With shared-disk the data sits in cold storage (eg. s3) for which you pay cheaply. Only when you have to do some big computation you spin up a temporary compute cluster, do the computation, store resukt back in s3 and kill the cluster. You can also have long lived compute clusters and shut them or scale them down at night when nobody uses them. Since the data doesn't "live" in the compute nodes, you can add or remove as many compute nodes as you wish.

In shared-nothing the data "lives" on the compute nodes, so you can't willy nilly add or remove nodes. The data would either get lost if you removed more nodes than what is necessary for triple replicated redundancy. Or if you added nodes you'd have to wait before the data gets rebalanced to those new nodes, resulting in massive reshuffling of everything.

Keep in mind that shared-nothing clusters are most likely long lived and have multiple large datasets sitting on them, so by adding nodes you will start to shuffle everything around.
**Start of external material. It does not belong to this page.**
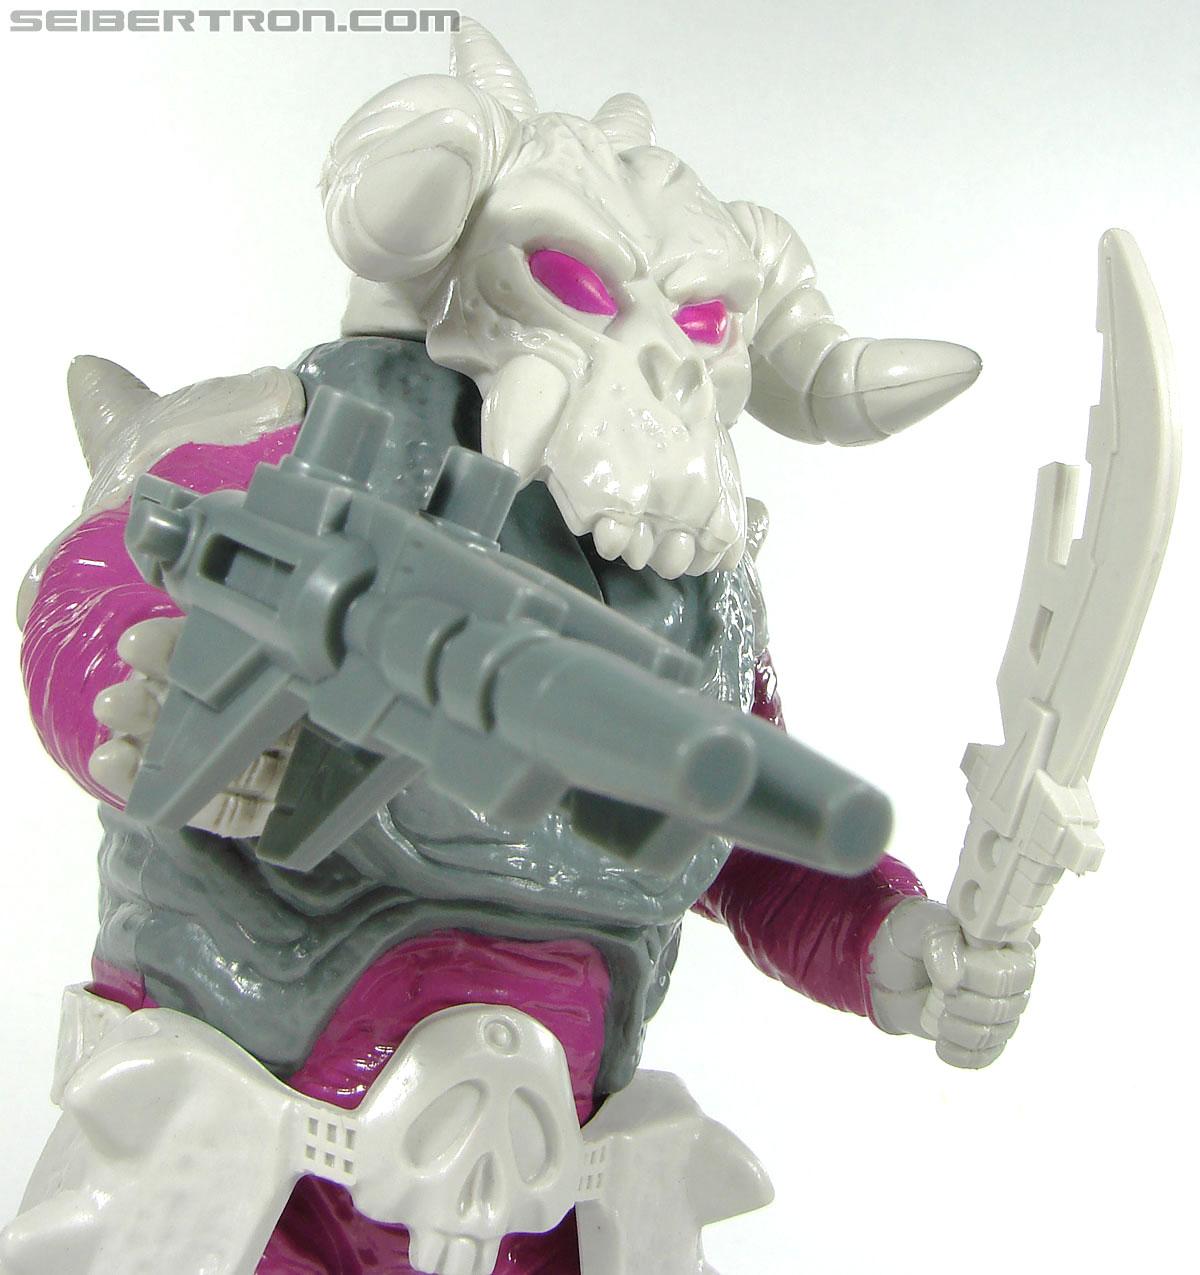 Transformers Super God Masterforce Skullgrin (Dauros) (Image #74 of 196)

With shared-disk your compute cluster is only a single use for one dataset and you don't lose data as you scale cluster up and down.

There is a hybrid architecture which will give you both, but doesn't exist out there: Shared-disk with active caching. Ie. giving you control over which tables will be pinned down on your temporary compute-cluster. That will give you performance of shared-nothing but with convenience of shared-disk temporary compute clusters.